Die neue Norm hat eine neue Philosophie. Sie geht davon aus, dass die Wahrnehmung einer Information stets ein Resultat verschiedener Faktoren ist. Bei festgelegten Leuchtdichtekontrasten sind dies die Beleuchtung (Adaptationsleuchtdichte), die Schrift- bzw. Zeichengröße und die Beobachtungsentfernung. Aus wissenschaftlichen Untersuchungen ließen sich Formeln ableiten, die in Anhang A, der normativen Charakter hat, niedergelegt sind. So können für bestimmte Gegebenheiten die erforderliche Beleuchtungsstärke und Zeichengröße errechnet werden. Dies ist auch in Schaubildern dargestellt. Daraus ist für den Anwender zu erkennen, wie zum Beispiel ein Hinweisschild oder ein Aushang ausgeleuchtet werden muss.
Es wird unterschieden zwischen Wahrnehmbarkeit und Lesbarkeit. Zum Beispiel muss ein Fahrplanaushang aus größerer Entfernung wahrnehmbar sein, damit man dann auf ihn zugehen und ihn aus nächster Nähe lesen kann. Eine Lesbarkeit aus größerer Entfernung ist nicht erforderlich. Die Ungenauigkeit in diesem Bereich hatte in den vorherigen Normentwürfen für Verwirrung gesorgt.

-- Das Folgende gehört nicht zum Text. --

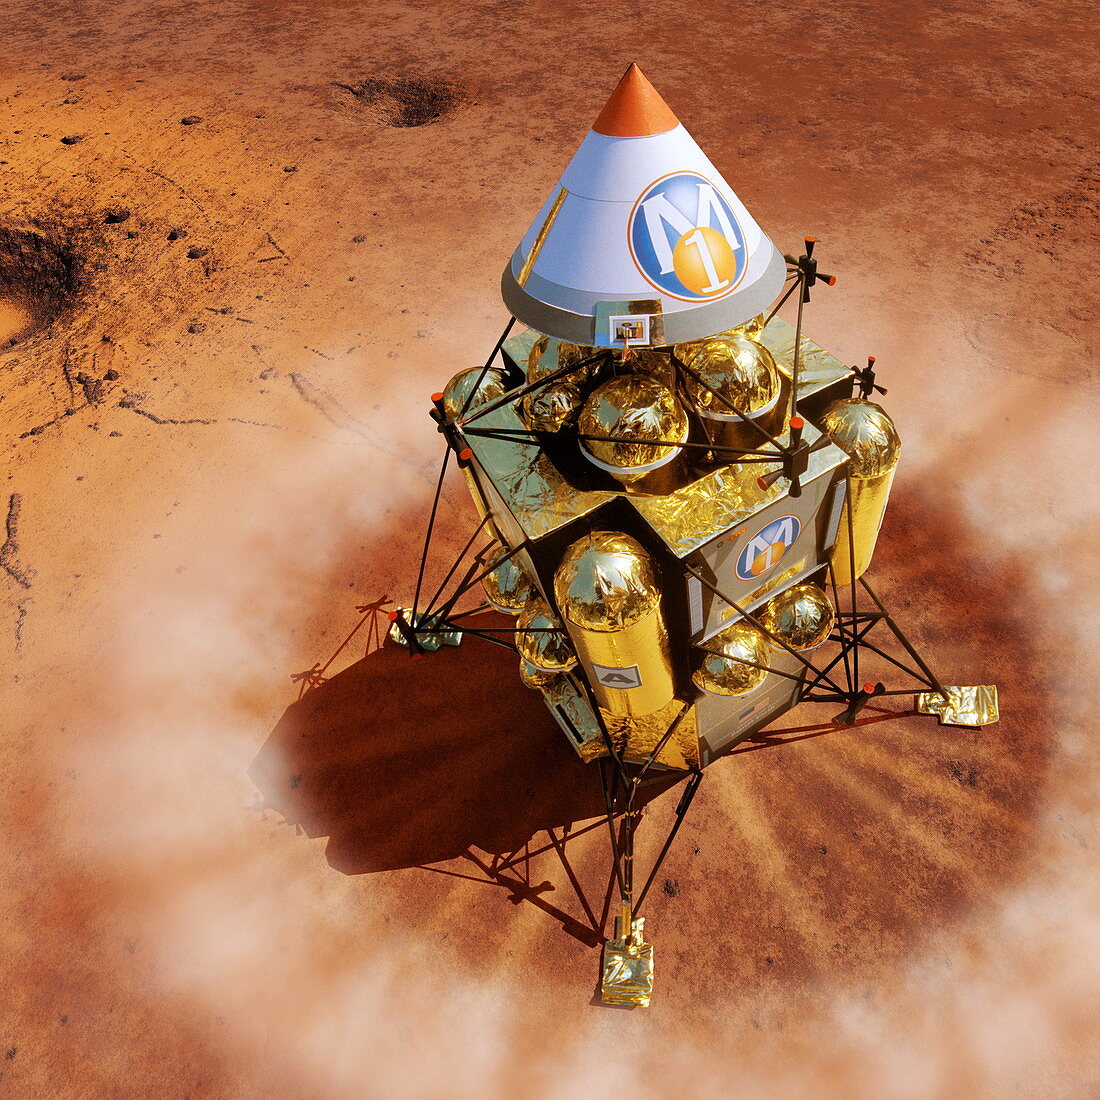 Spacecraft lands on Mars,artwork

Als Referenzwert wurde ein Visus von 0,1 zugrundegelegt. Das bedeutet, dass Leuchtdichte und Zeichengröße bei einem festgelegten Kontrast von 0,7 bzw. 0,4 für Menschen mit einem Visus von 0,1 optimiert werden müssen. Der Wert von 0,1 wurde gewählt, weil er zum einen schon als fester Wert in der ICD (Klassifikation der Krankheiten der WHO) eingeführt ist, zum anderen eine praktikable und sinnvolle Größe ist.
Neben dem bereits erwähnten Anhang A, der das System zur Ermittlung von Zeichengrößen und Beleuchtung enthält, verfügt die Norm noch über einen ebenfalls normativen Anhang B. Dieser enthält spezielle Formeln zur Errechnung der notwendigen Werte für selbstleuchtende Anzeigen.

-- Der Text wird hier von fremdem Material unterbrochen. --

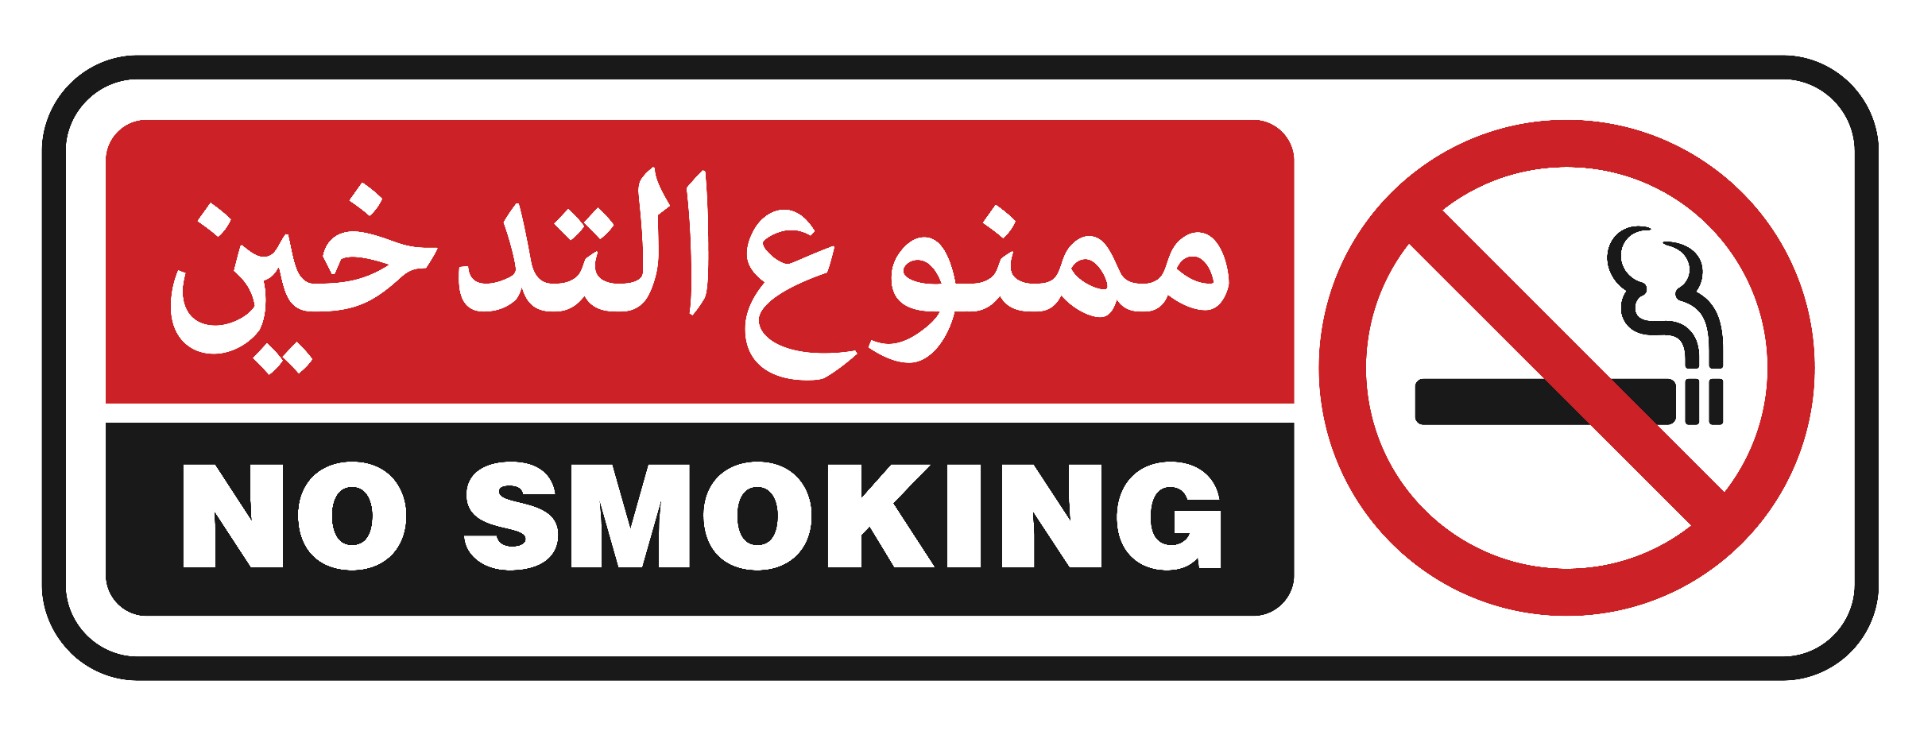 เขตปลอดบุหรี่ภาษาอาหรับ

Zur rechtlichen Wirkung der Norm
Die DIN 32975 ist ebenso wie die zitierten Baunormen eine Norm, die Barrierefreiheit definiert. Das heißt, sie muss nicht für jede Gestaltungsaufgabe angewendet werden, jedoch immer dann, wenn etwas barrierefrei gestaltet werden soll. Ein Gebäude, das zwar den Zugang mit dem Rollstuhl erlaubt, jedoch die Anforderungen der neuen Norm nicht erfüllt, kann nicht als barrierefrei bezeichnet werden.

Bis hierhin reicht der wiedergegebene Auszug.